China to limit land available for homes in cities with property oversupply
China will reduce or stop issuing land for new residential housing projects in areas where there is a supply glut, the latest in a series of measures aimed at clearing a property overhang weighing on the economy.
China’s land ministry will not release vacant land to commercial property developers in cities and other areas where there are large levels of unsold inventory, state television reported on Sunday, citing a ministry meeting.
The China Central Television (CCTV) broadcast said Land minister Jiang Daming plans to reward cities that effectively reduce their inventories by giving them permission to make new land allocations.

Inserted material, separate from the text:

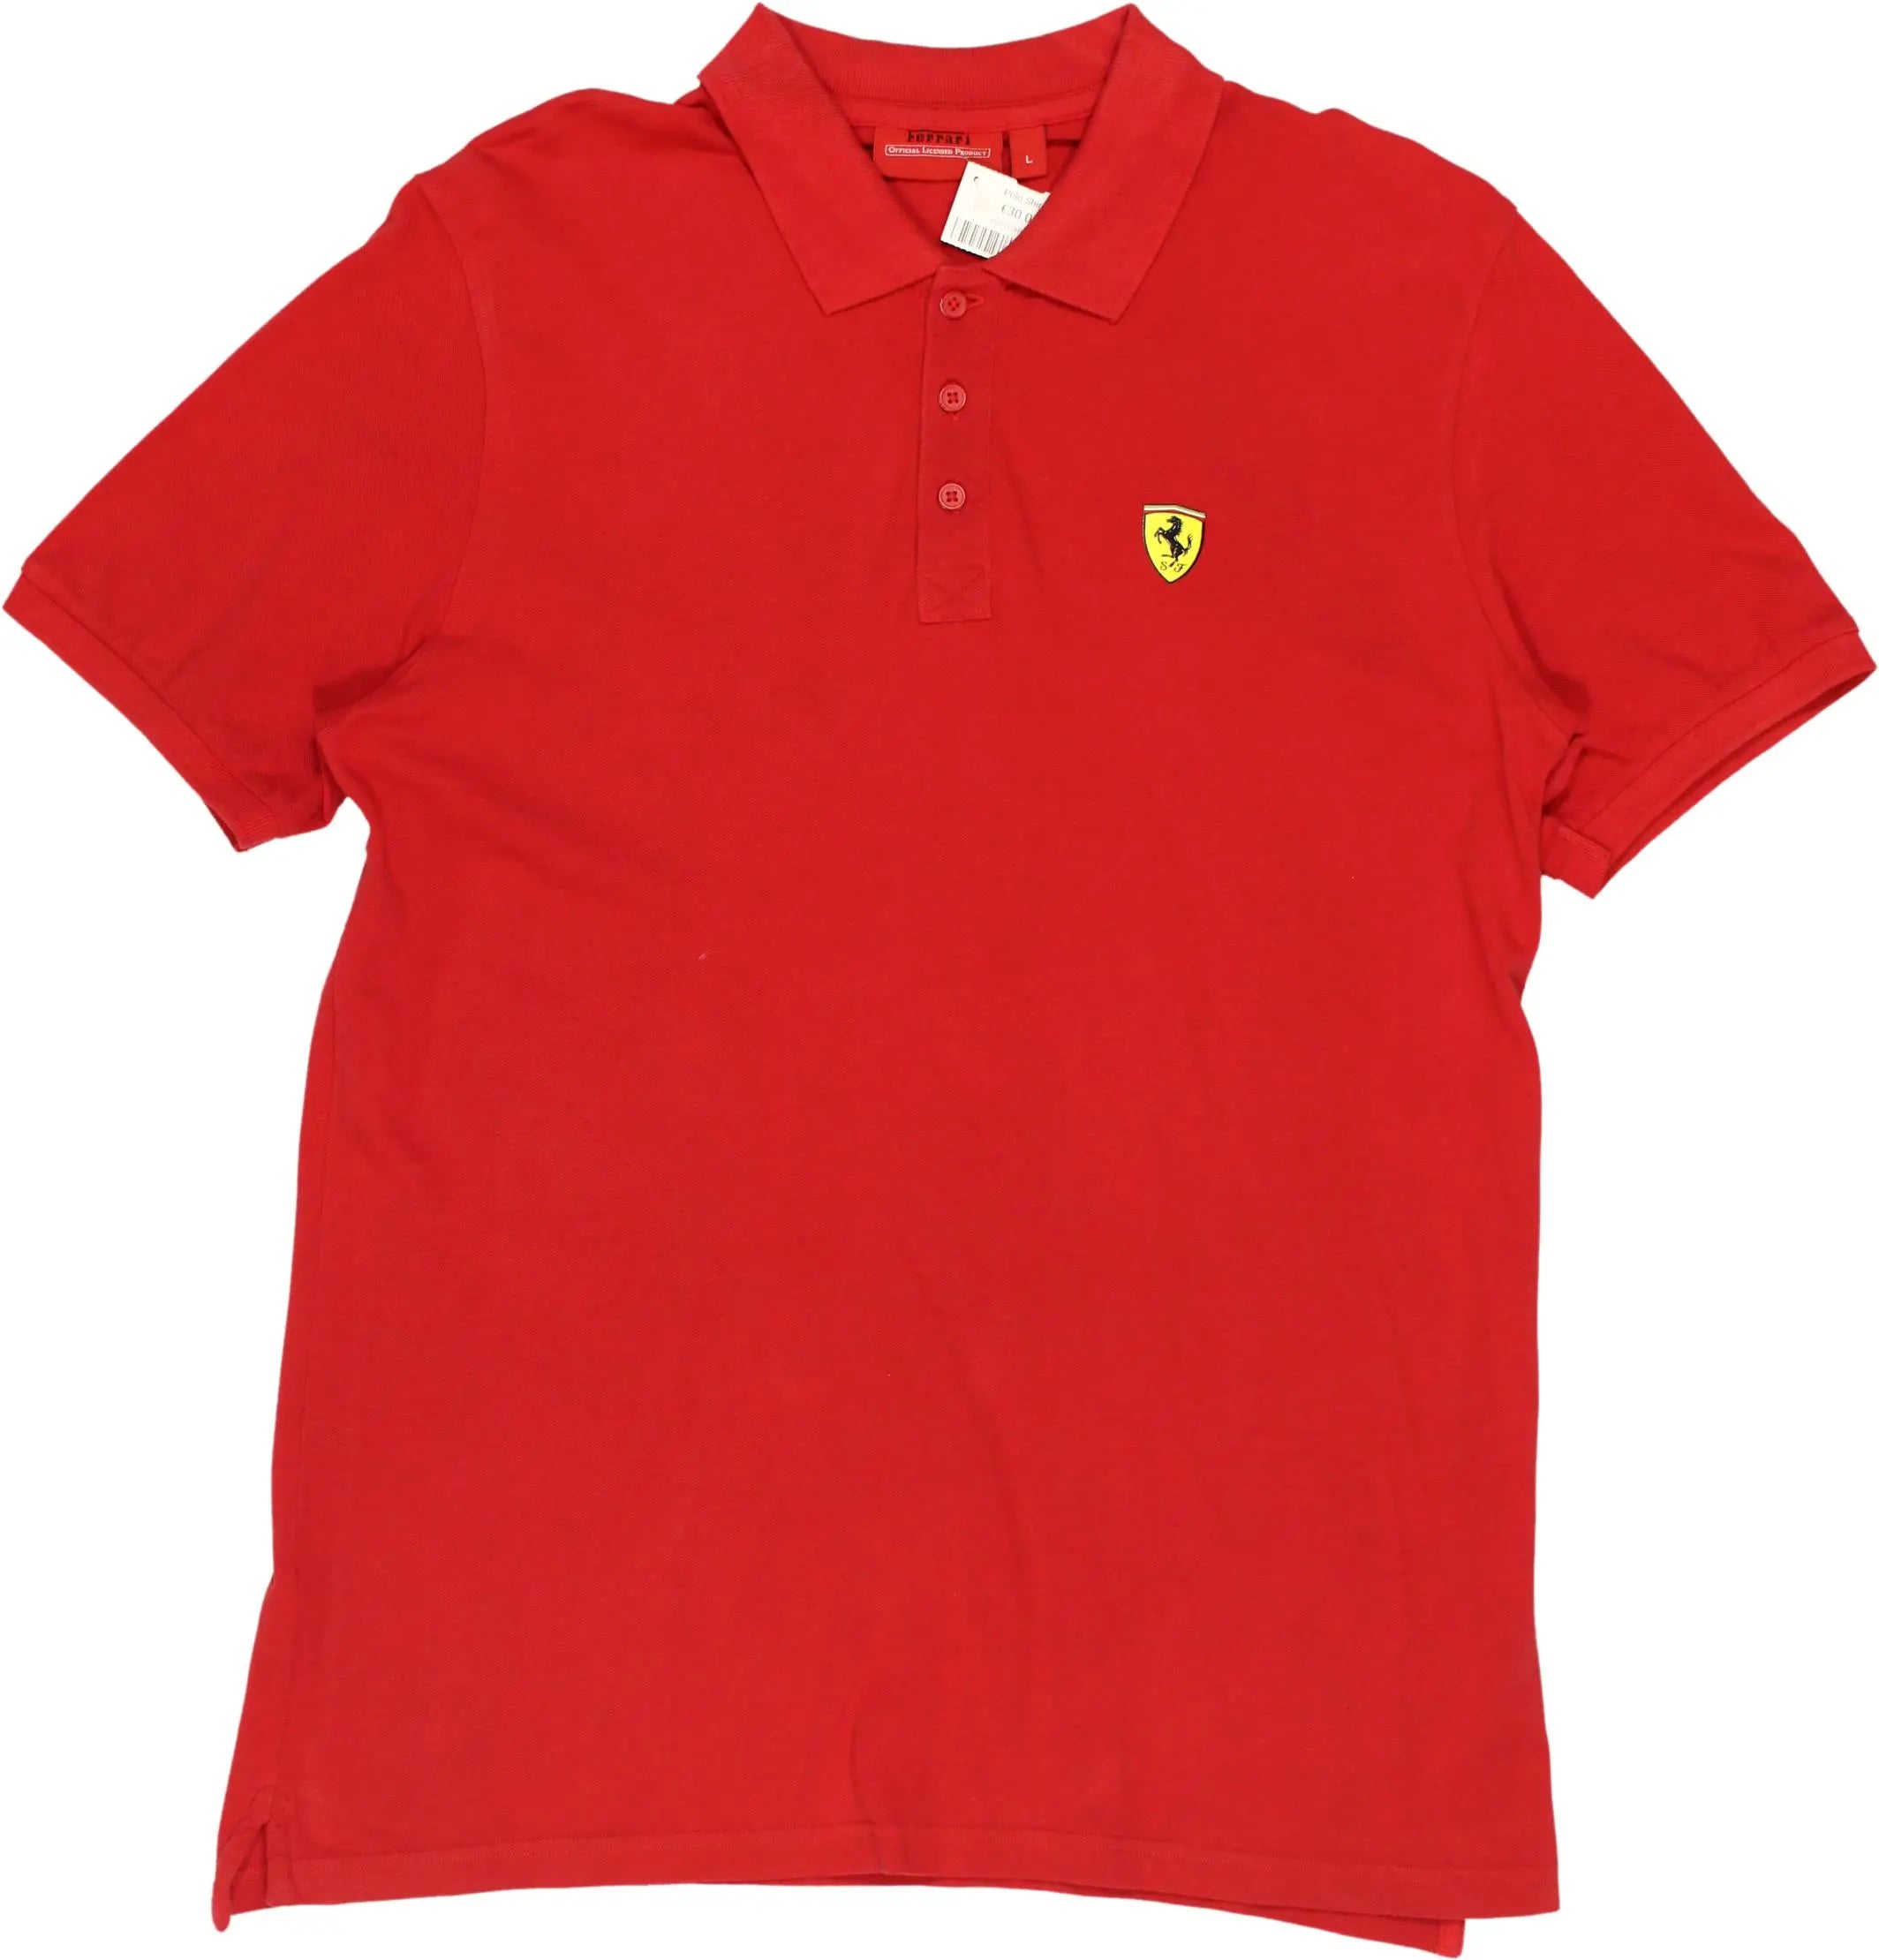 Ferrari - Ferrari Polo- ThriftTale.com - Vintage and second handclothing
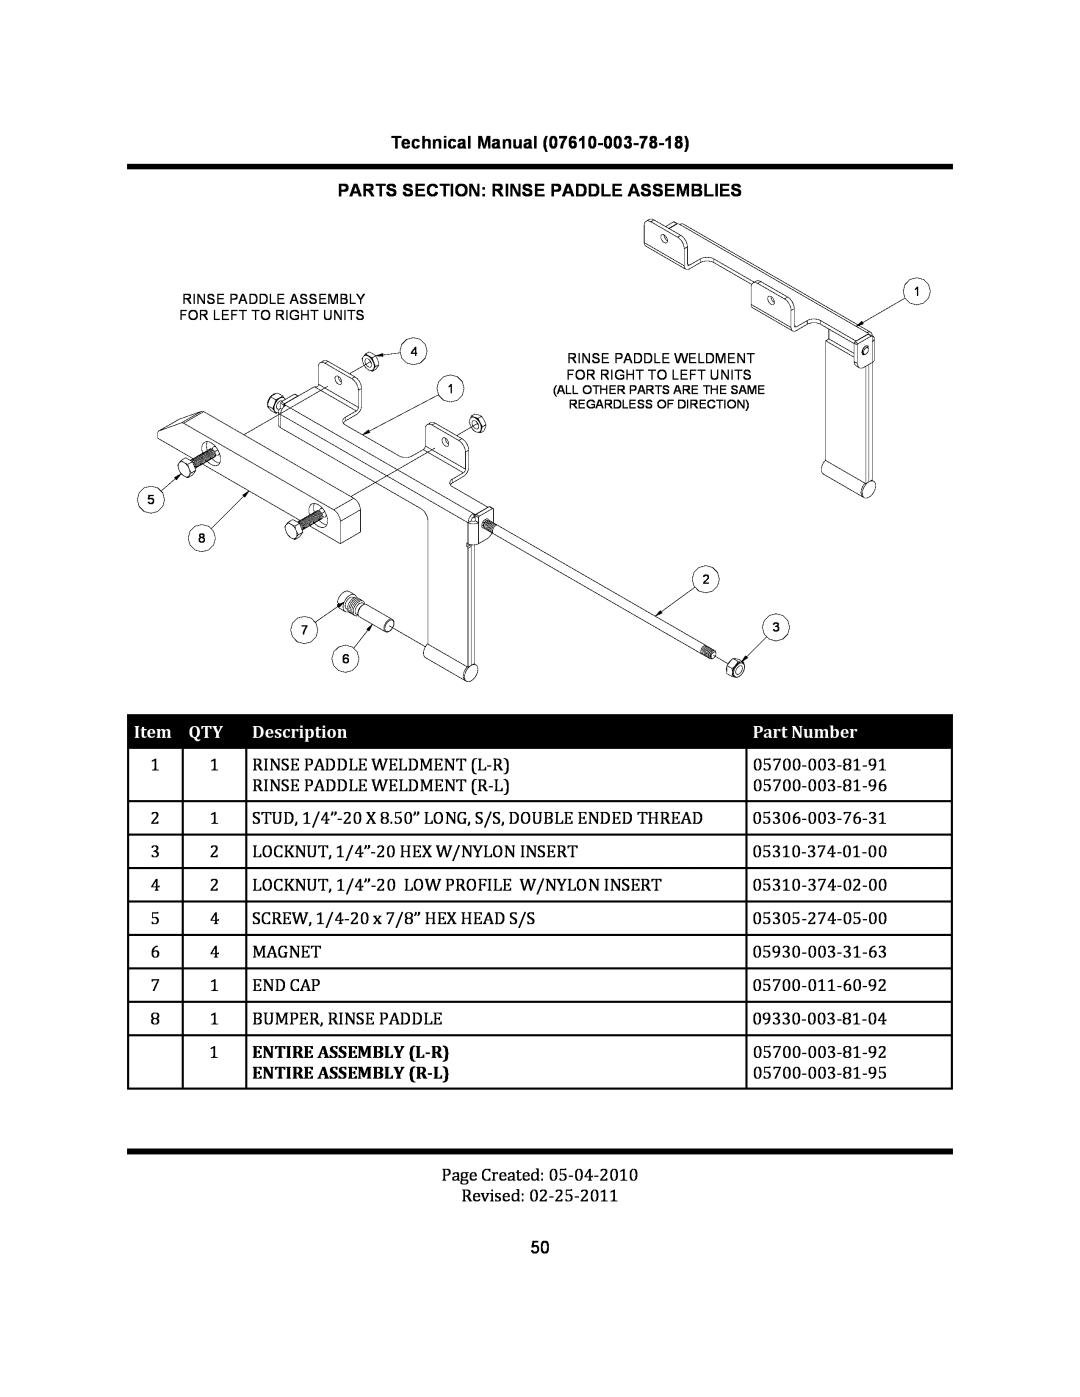 Jackson CREW 66S Technical Manual PARTS SECTION RINSE PADDLE ASSEMBLIES, Description, Part Number, Entire Assembly L‐R

China has announced a string of measures designed to boost the housing market, a crucial driver of the economy. Real estate investment affects more than 40 other sectors in China, from cement to furniture.
The finance ministry said on February 19 that it will lower transaction taxes for second-time home buyers and some first home buyers in many cities. It followed a February 2 announcement of a further reduction in the minimum down payment required for first- and second-time home buyers in most cities. Minimum down payments had previously been cut in September.
Last week, China’s Central bank raised the interest rate for deposits to its housing provident fund to allow more proceeds for depositors.
The rate rose to 1.5 per cent from Sunday , the People’s Bank of China said in a statement. The prior rate was 0.35 per cent or 1.1 per cent, depending on when the deposits were placed.
The fund is a saving scheme that lets employees and employers set aside a portion of wages that can be used as mortgage deposits.
The land ministry also said on Sunday that it will increase land allocations in cities that have allowed migrant workers to purchase urban homes, CCTV reported, referring to a separate measure designed to help tackle oversupply.
A report released by Fitch Ratings earlier this month said land sales represented around 27 per cent of local and regional governments’ aggregated revenue in 2015, and played a critical role in funding Chinese local and regional governments’ local infrastructure projects.
Capital revenue has funded a significant part of capital expenditure, so a decline in this could either result in a reduction of capex or in higher deficits.
China had 718 million square metres of unsold commercial and residential housing space at the end of 2015, the National Bureau of Statistics reported on January 19, a 15.6 per cent increase from a year earlier.
Growth in property investment eased to 1 per cent in 2015, the slowest rate in nearly seven years, even as national sales improved, government data showed.